CloudWalk is a fintech company focused on reimagining financial services through AI, blockchain, and thoughtful design.
The company is seeking a Machine Learning Engineer to manage and enhance their distributed training pipeline for large language models.
The role involves working within a GPU cluster to assist researchers in training and scaling foundation models using frameworks such as Hugging Face Transformers, Accelerate, DeepSpeed, and FSDP.
Responsibilities include owning the architecture and maintenance of the distributed training pipeline, training LLMs, designing and debugging multi-node/multi-GPU training runs, optimizing training performance, managing experiment tracking, and building reusable training templates.
The position emphasizes building and scaling systems to facilitate efficient, resilient, and reproducible training runs, rather than conducting research.
Requirements:
Expertise in distributed training is required, with experience in DeepSpeed, FSDP, or Hugging Face Accelerate in real-world multi-GPU or multi-node setups.
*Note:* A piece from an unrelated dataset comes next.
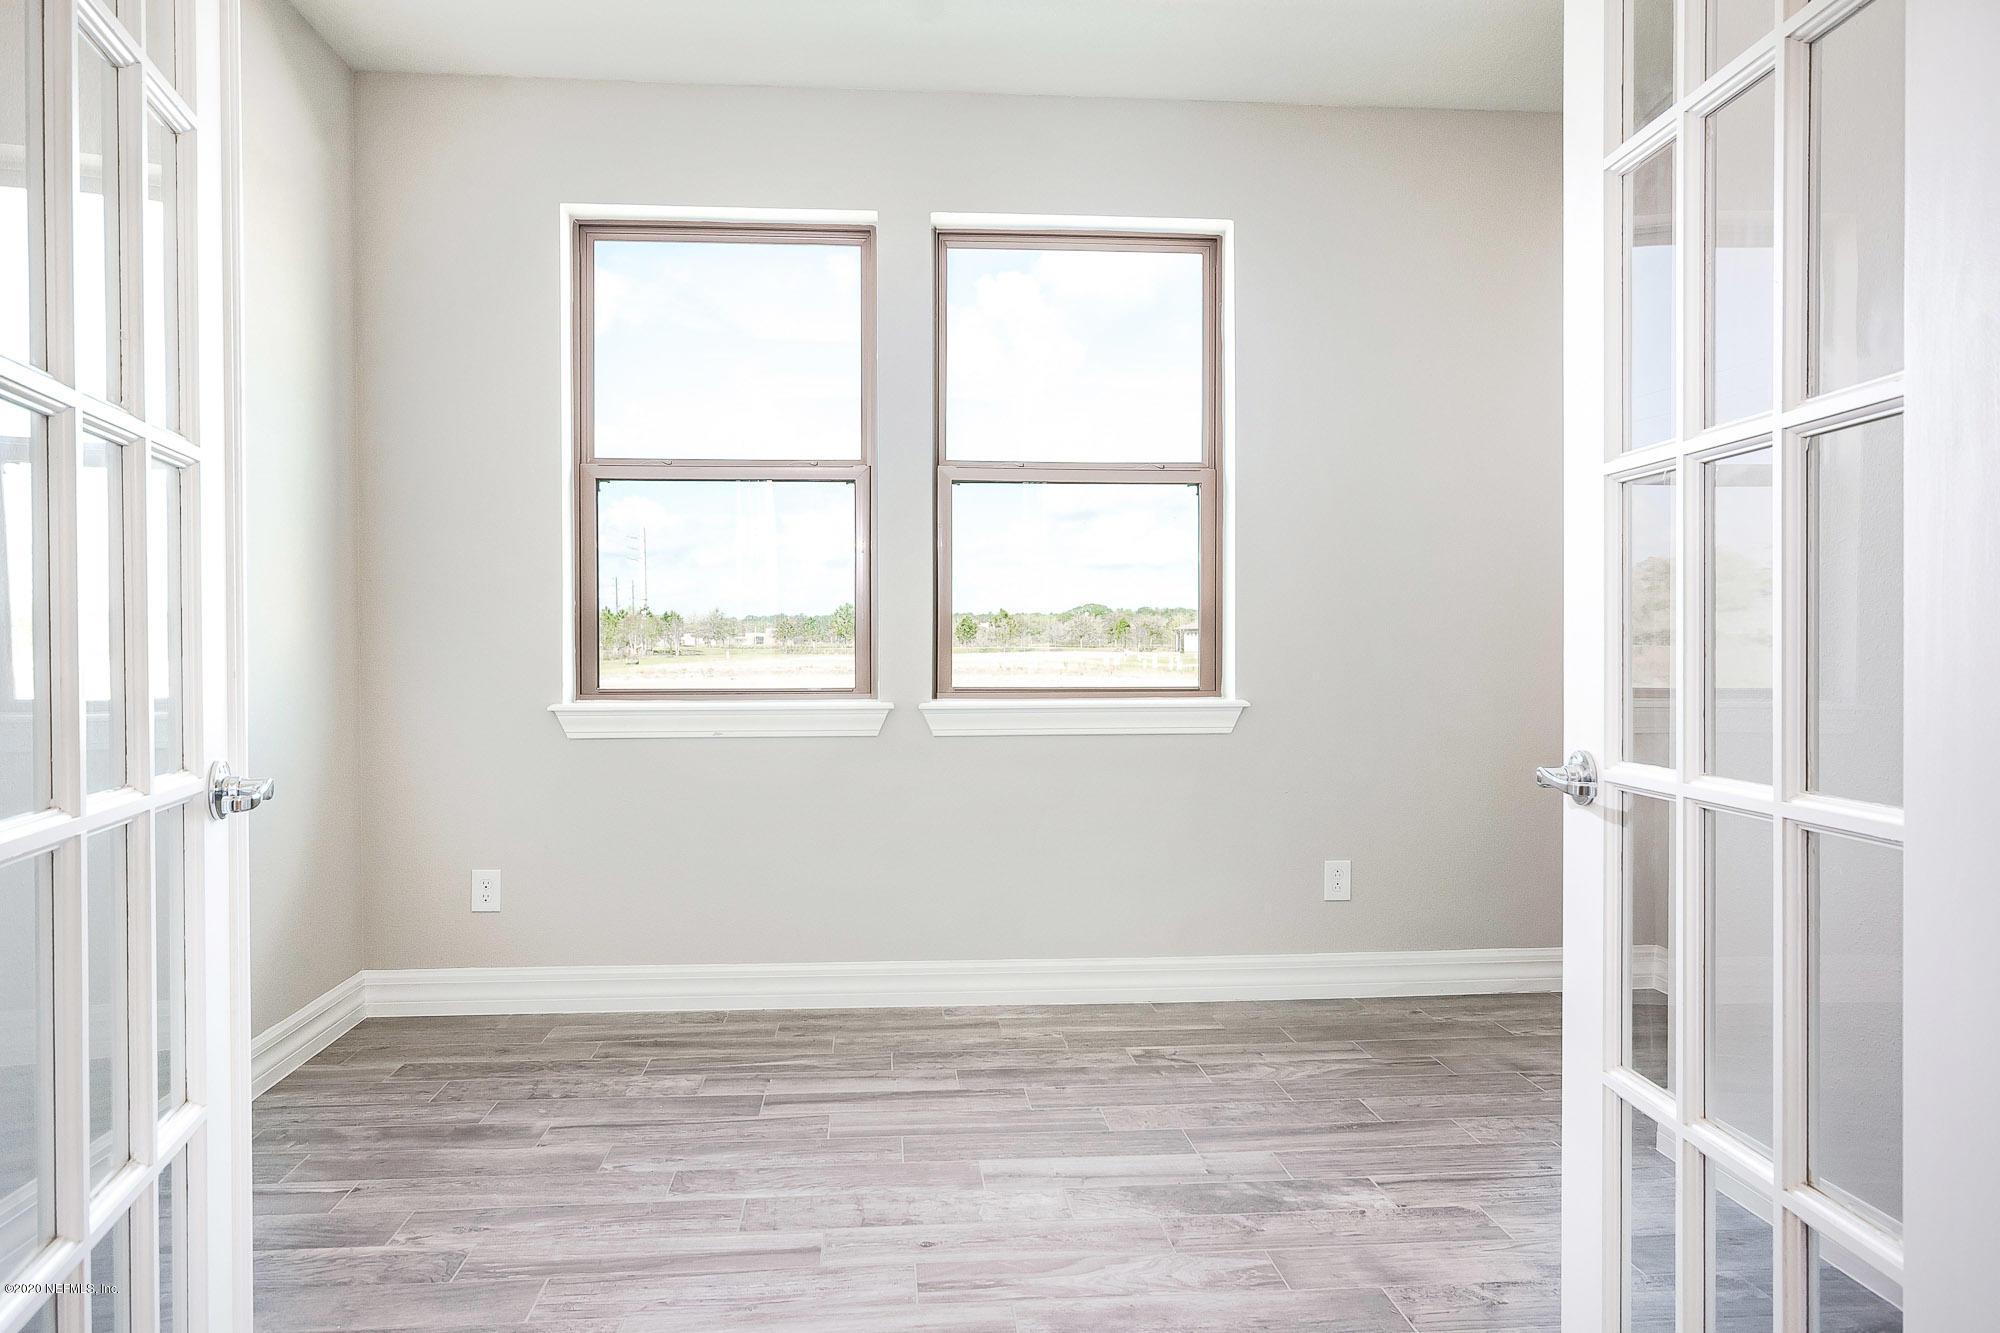 75 ROCK SPRING, ST AUGUSTINE, FLORIDA 32095, 2 Bedrooms Bedrooms, ,2 BathroomsBathrooms,Residential,For sale,ROCK SPRING,1051151

A strong background in PyTorch is necessary, including the ability to write custom training loops, schedulers, or callbacks.
Familiarity with the Hugging Face stack, including Transformers, Datasets, and Accelerate, is essential.
Candidates must possess infrastructure literacy, understanding how GPUs, containers, and job schedulers interact, and be able to debug cluster issues and memory bottlenecks.
A resilience mindset is important, with the ability to write code that can checkpoint, resume, and log correctly under failure conditions.
The ideal candidate should be a collaborative builder, willing to improve others' scripts and enhance training efficiency.
Benefits:
The position offers the opportunity to work with cutting-edge technology in a dynamic fintech environment.
Employees will have the chance to collaborate closely with researchers and other teams to drive innovation in machine learning.
The role provides a platform for professional growth in distributed training and large language model development.
CloudWalk promotes a culture of resilience and collaboration, fostering an environment where team members can learn from each other and improve their skills.